Collected data ->
▬▬▬▬▬▬
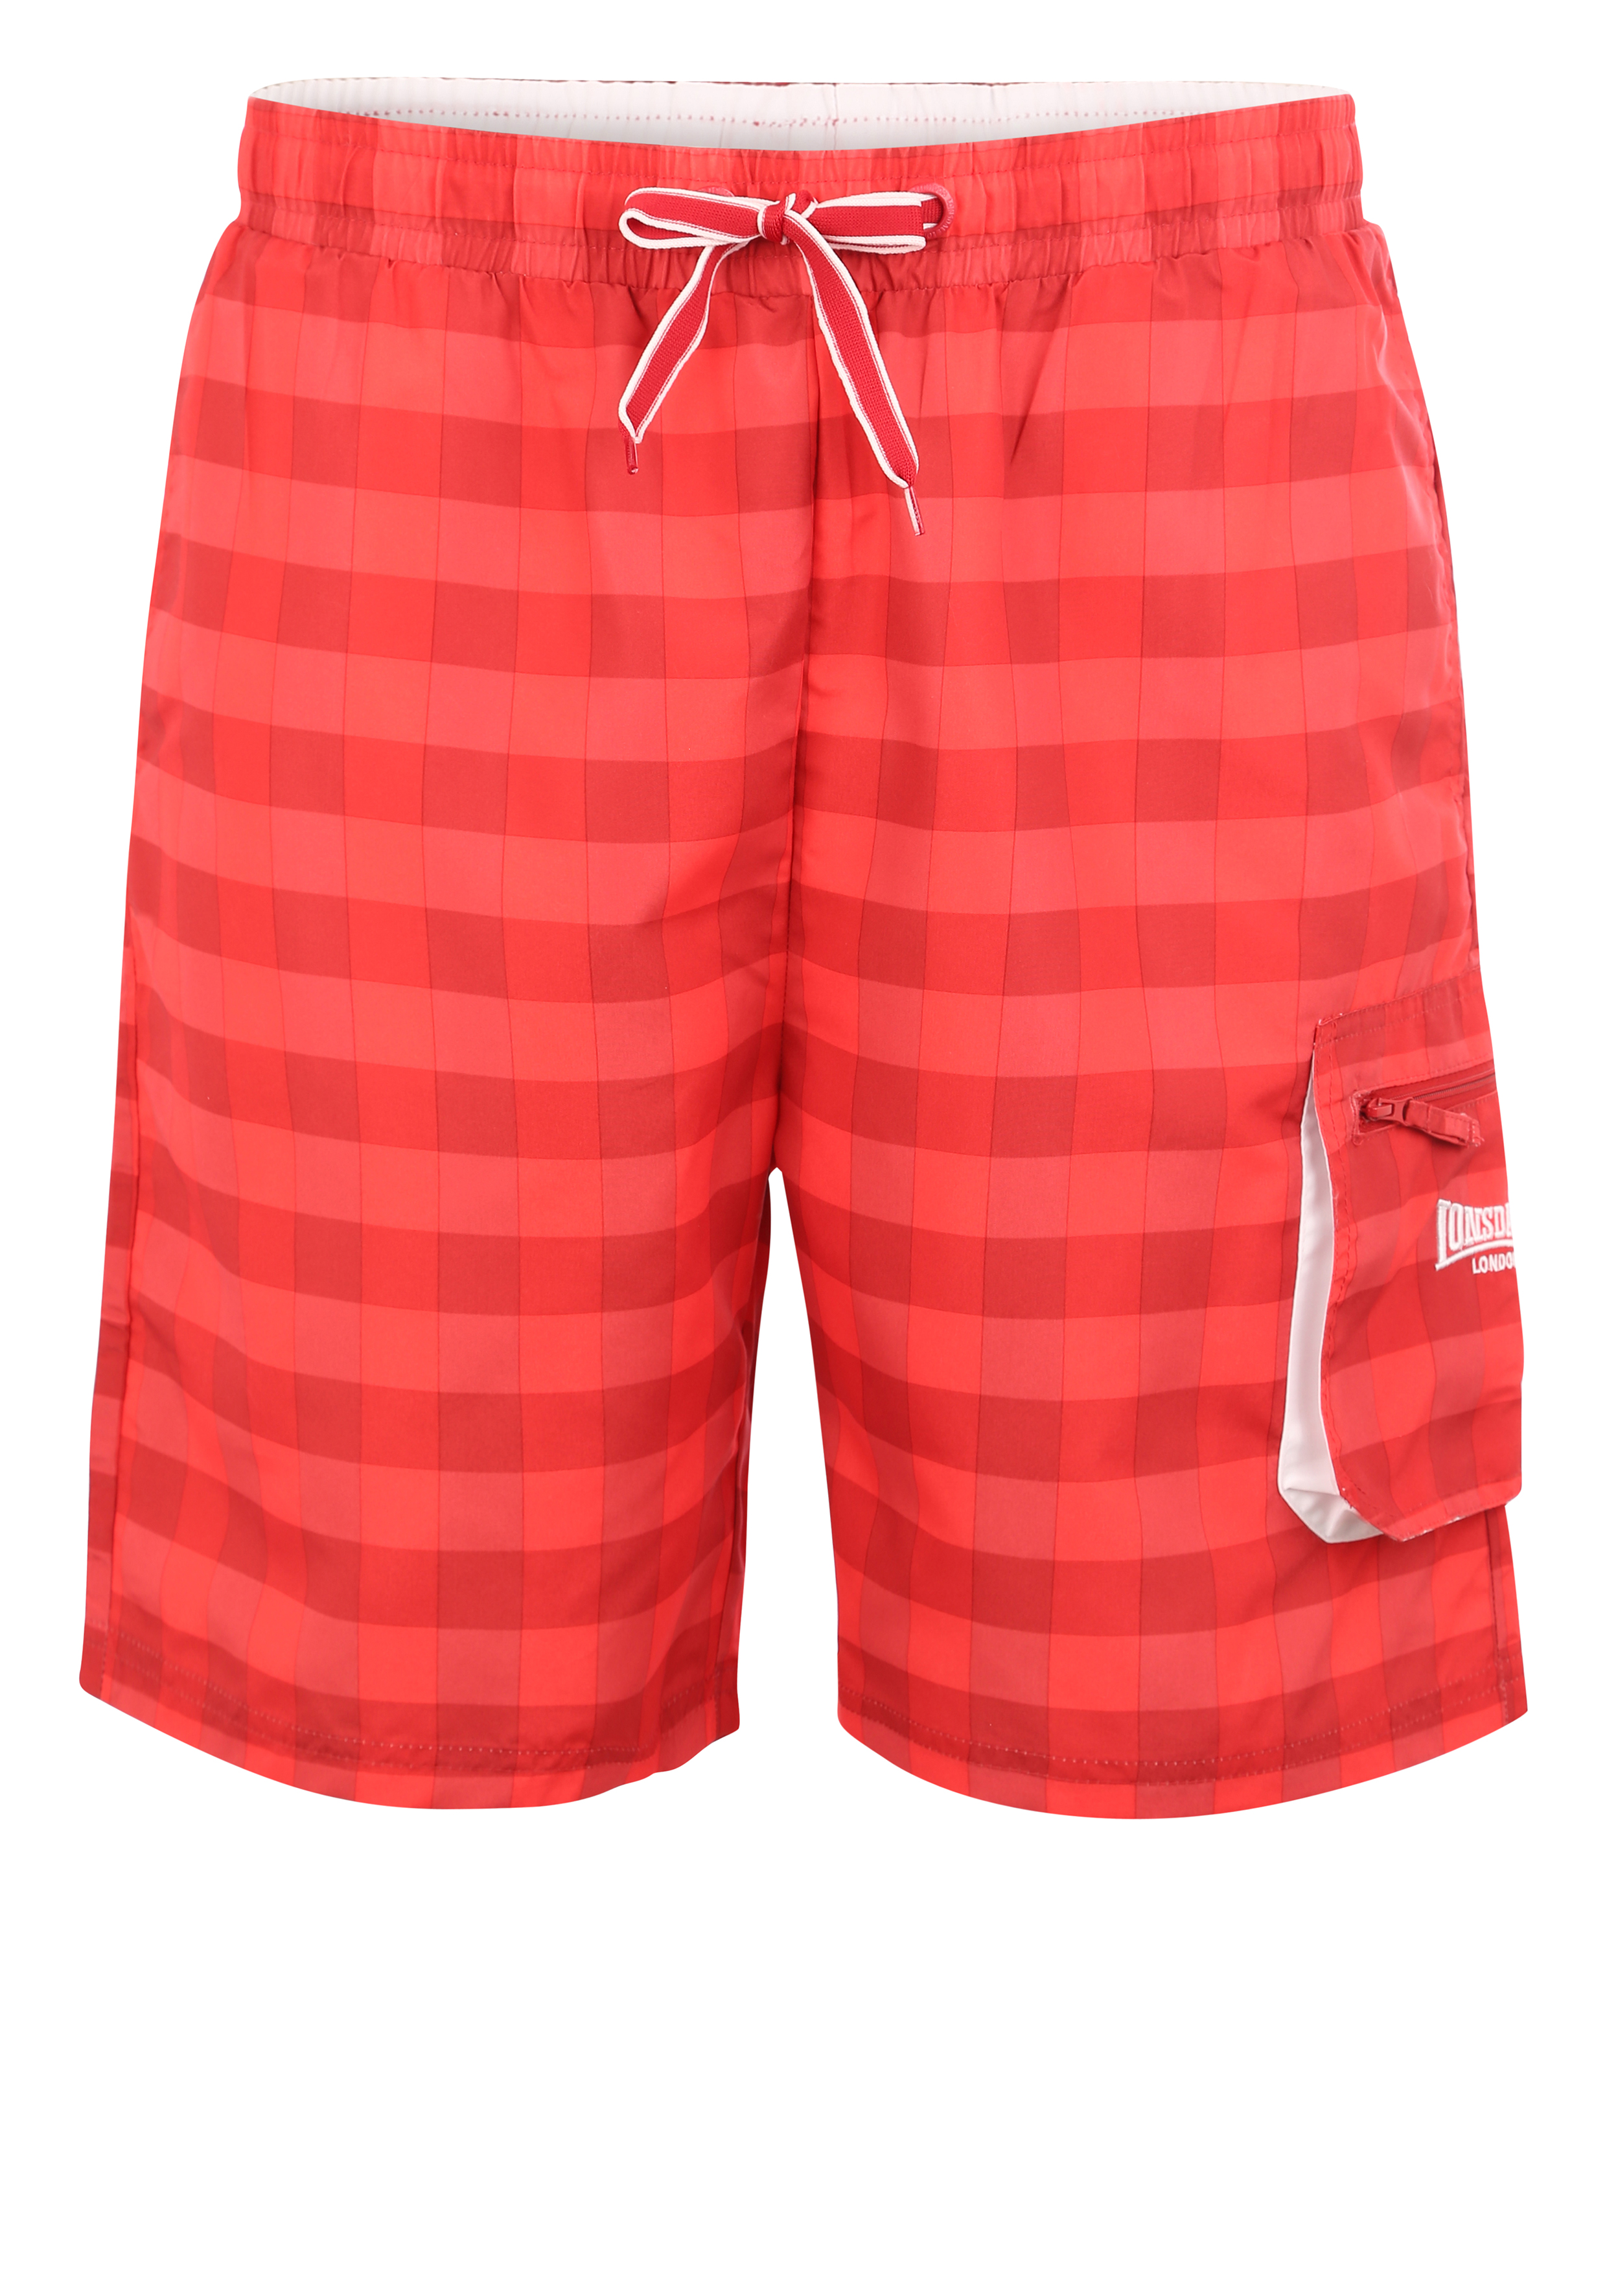 Lonsdale Men's beach shortsn regular fit
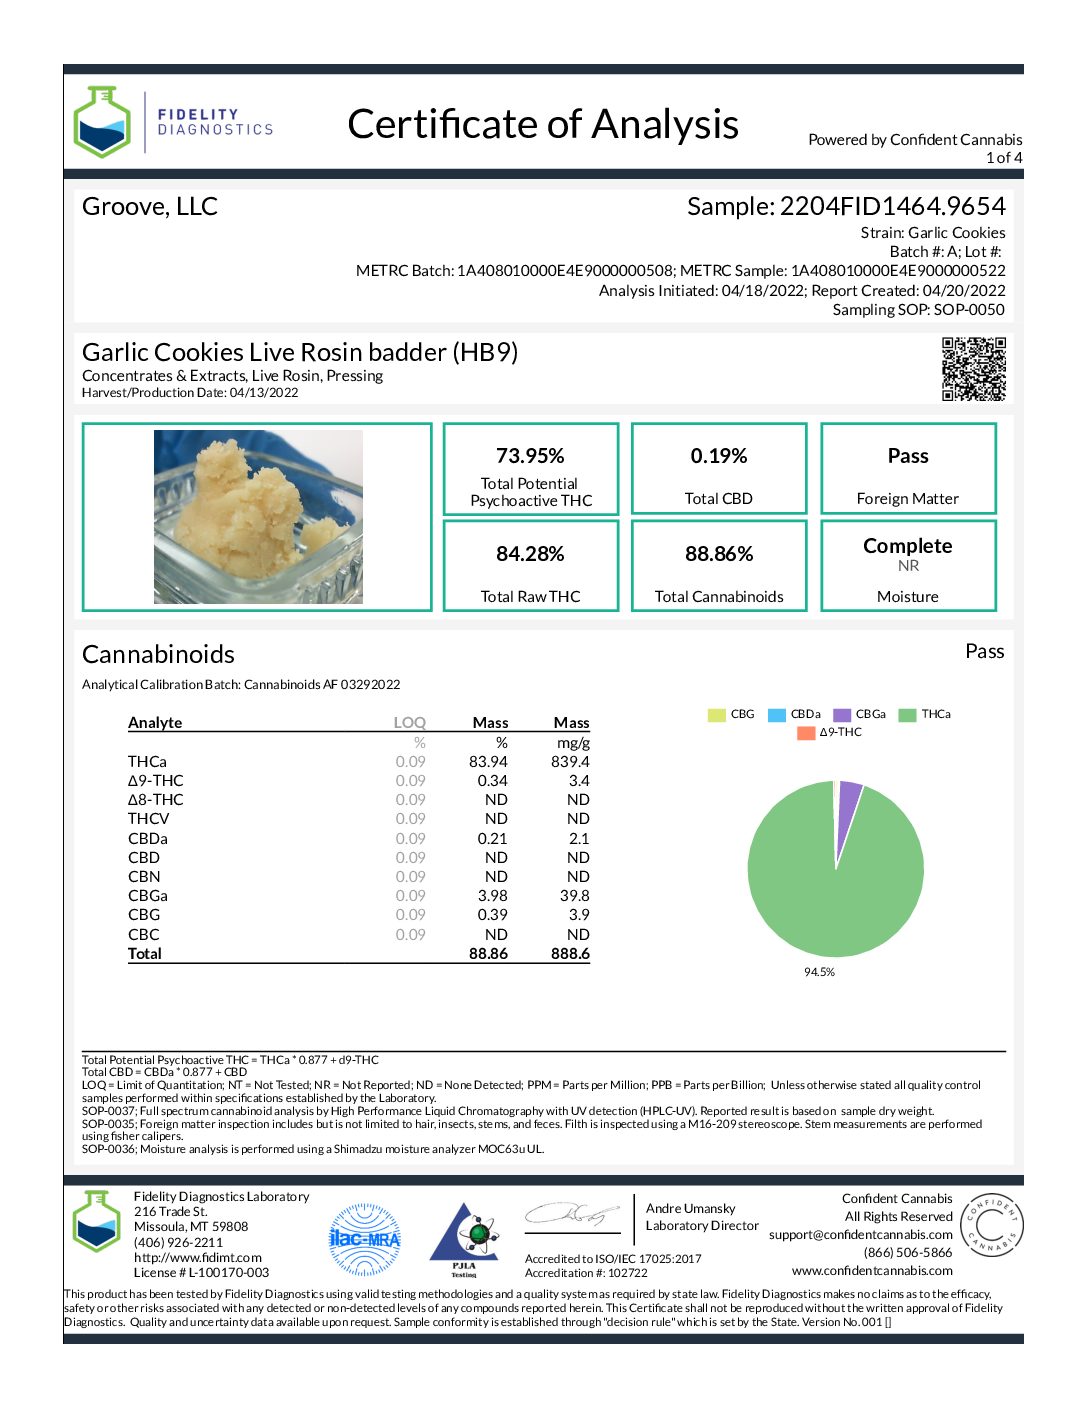 https://groovesolventless.com/wp-content/uploads/2022/04/Garlic-Cookies-Live-Rosin-badder-HB9-pdf.jpg
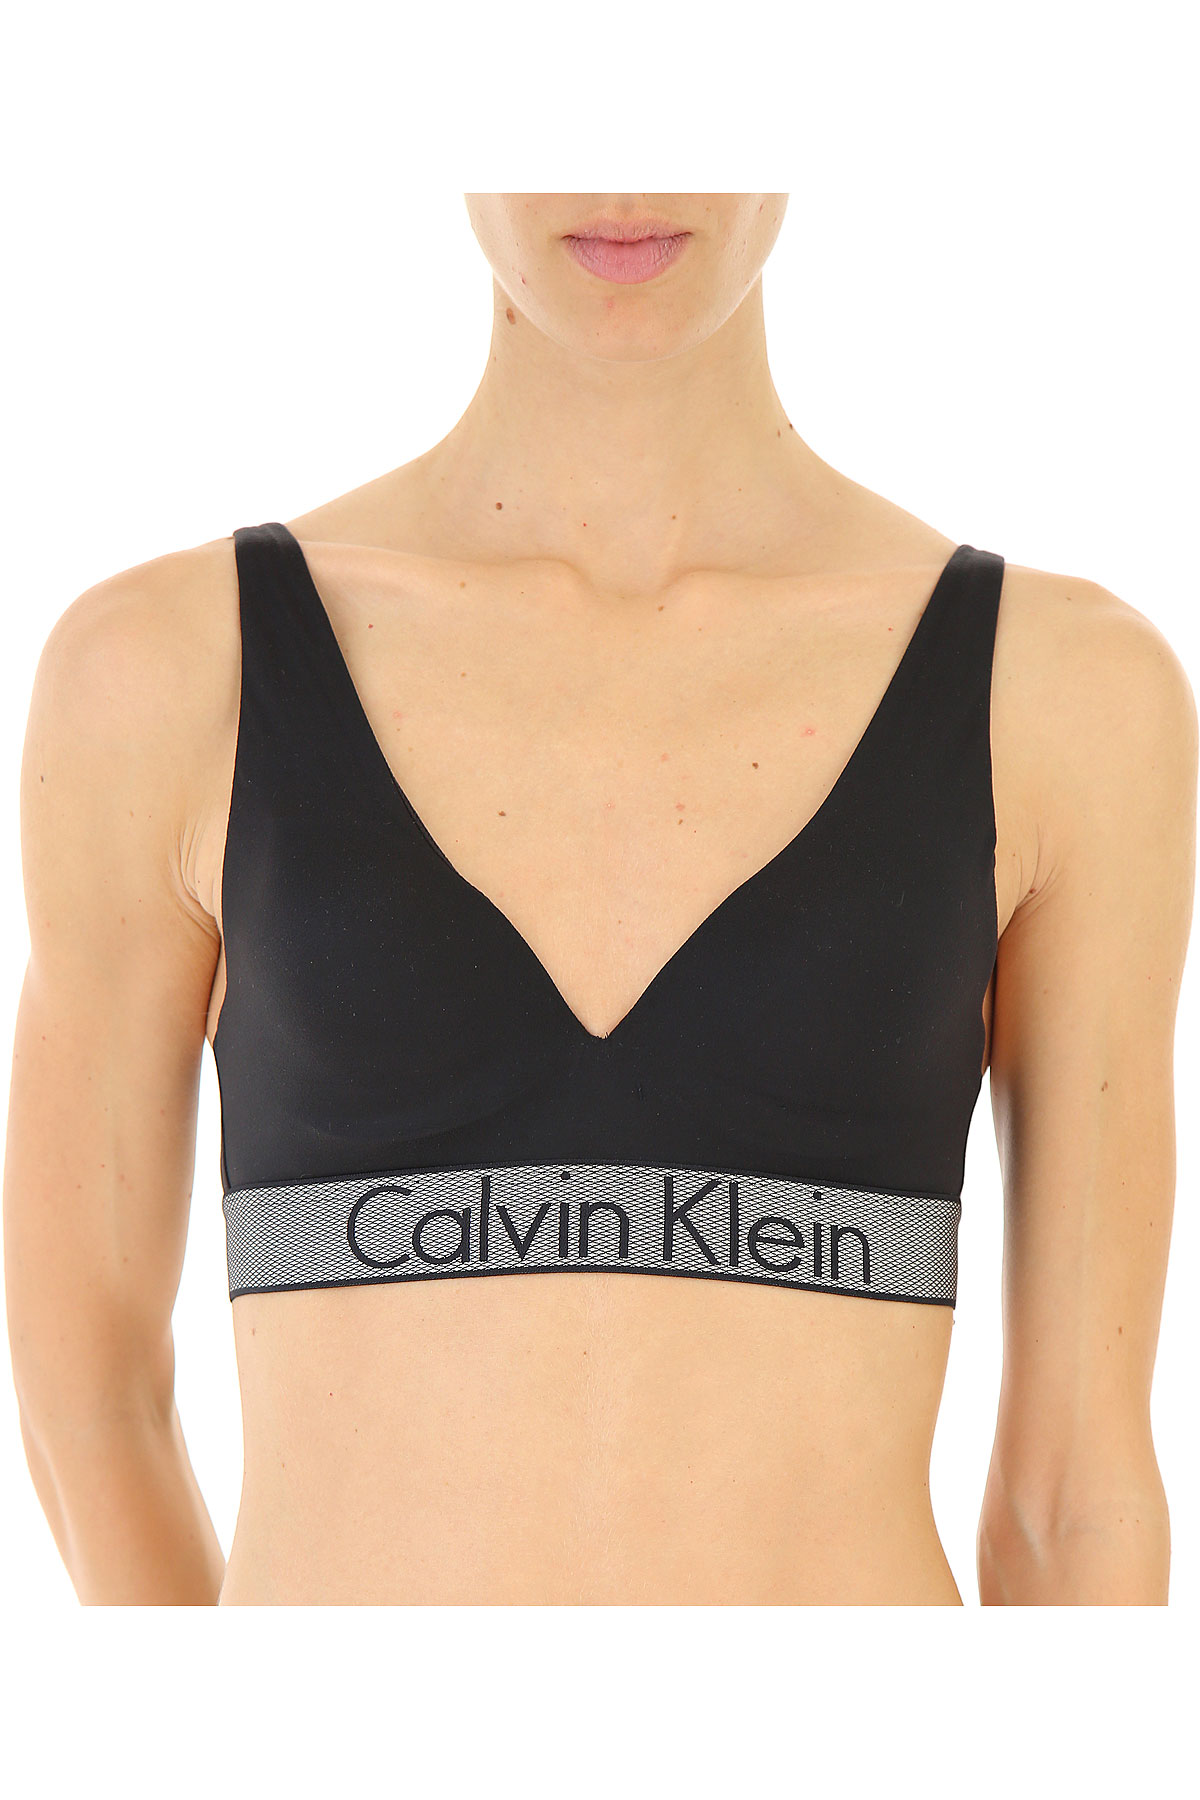 Calvin Klein Sous-vêtement Femme, Noir, Polyamide, 2017, 80 85
▬▬▬▬▬▬
The whole listing above, word for word: repeat it with the pictures excluded.

 Lonsdale Men's beach shortsn regular fit
 https://groovesolventless.com/wp-content/uploads/2022/04/Garlic-Cookies-Live-Rosin-badder-HB9-pdf.jpg
 Calvin Klein Sous-vêtement Femme, Noir, Polyamide, 2017, 80 85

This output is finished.